In maritime terms, the importance of each port to its respective economy was quite different. Eilat handles less than 15 per cent of Israeli trade. Haifa is Israel's main port. Aqaba, in contrast, is Jordan's only port and, until UN sanctions were imposed, served as entrepot for goods going to Iraq.
It is in tourism that there are greatest hopes of a peace dividend from the non-belligerency pact signed between Jordan and Israel on 25 July. One of the enduring myths of certain special units of the Israeli paratroopers is that they won their maroon berets by slipping across the border into Jordan and infiltrating the rose-red city of Petra. Israelis are still in theory not permitted to visit Jordan. The new border crossing is for third- state nationals only, that is, non- Jordanians and non-Israelis.
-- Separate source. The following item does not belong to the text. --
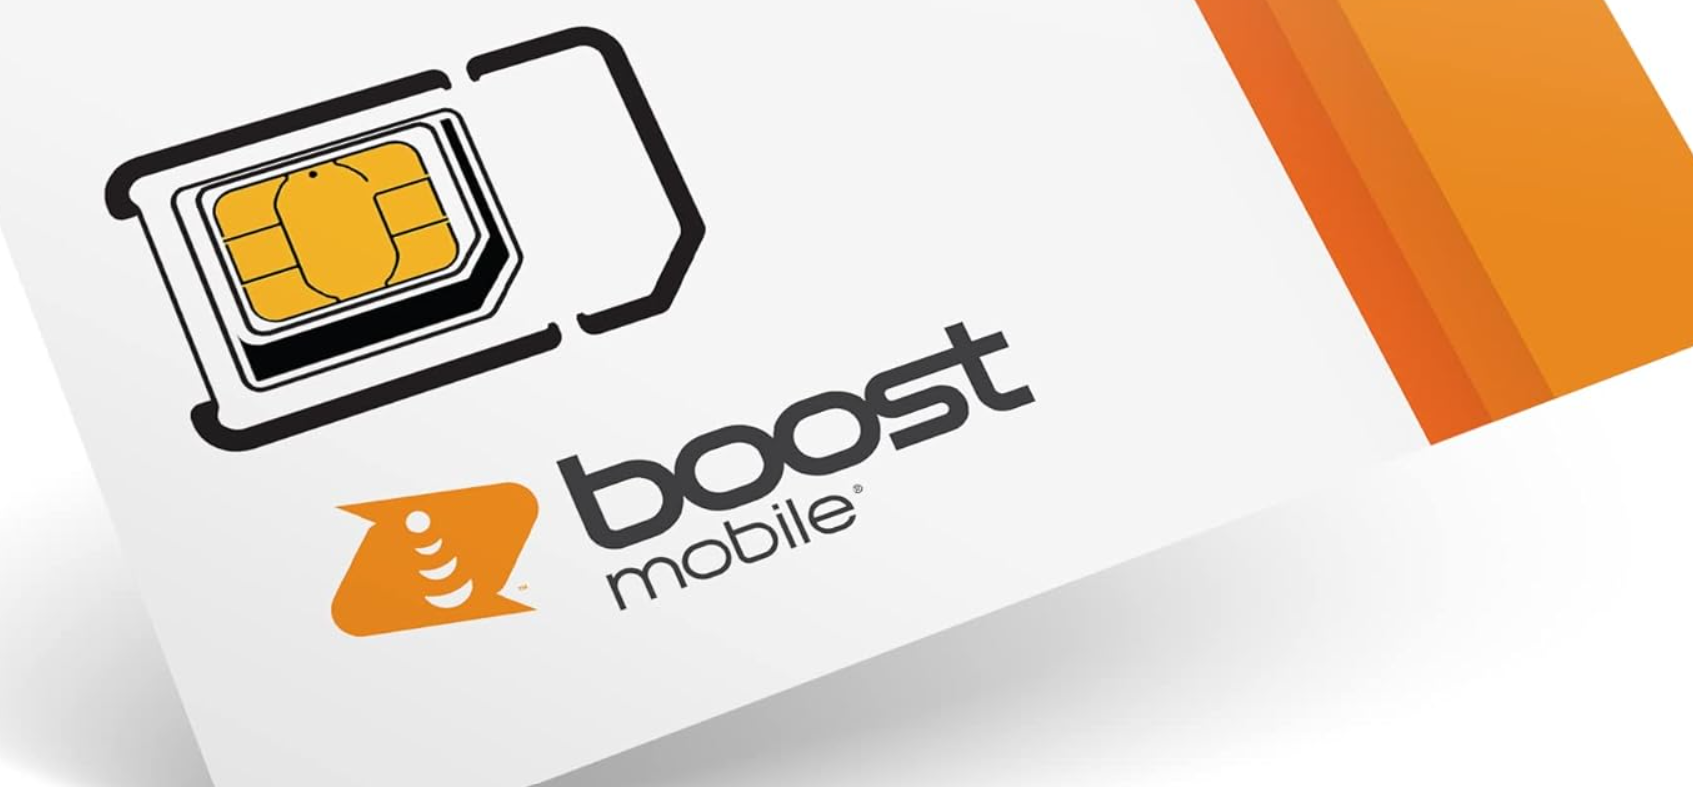 How to Make a Boost Mobile Online Payment?

Hotelkeepers in Eilat are rubbing their hands at the prospect of Saudis coming over to the gaming tables which, by a quirk of Israel's puritanical history, are all on floating platforms and yachts moored offshore. Both Jordan and Israel have expectations that tourists will increasingly combine a visit to Petra and the Roman remains at Jerash in Jordan with tours of the Holy Land.
Israel, Egypt, Turkey and Jordan are already collectively promoting the eastern Mediterranean as a holiday destination. However, tourism is an industry especially sensitive to political violence. The Egyptian tourist industry has been devastated by a handful of attacks on Nile cruisers. And in 1988, at the height of the Palestinian uprising, the Israeli tourist board had to withdraw a series of adverts infelicitously headlined: 'Jerusalem, a stone's throw from Tel Aviv'.
Other schemes for broader economic co-operation, including increased trade, remain more the dreams of those two visionaries - Crown Prince Hassan of Jordan and the Israeli Foreign Minister, Shimon Peres - than real possibilities in the near future. The Jordanian economy is dwarfed by the Israeli one, and both are highly protected by tariff barriers.
The opening of the border crossing, which follows the inauguration of direct telephone links on Sunday, is the latest step by Jordan and Israel towards establishing the kind of relations normal between states. Israel has already eased restrictions on one of the most contentious issues: the sharing of water resources. The Jordanian Water Minister announced that Israel had decided to release 4 million cubic metres (140m cubic feet) of water to Jordan from the Yarmouk tributary 'in a gesture of good faith'.
The next action which would underline Jordan's privileged status as Israel's new friend would be a visit by King Hussein to the holy shrines in Jerusalem of al-Aqsa mosque and the Dome of the Rock. He has piloted his Tristar over Israel, and steered his yacht into Israeli waters. The next step should be on land. Such a visit would be extremely controversial with the Palestinians. They see the King's arrogation of custodianship of the religious sites as an attempt to thwart their aspirations to make East Jerusalem the political capital of their hoped-for state.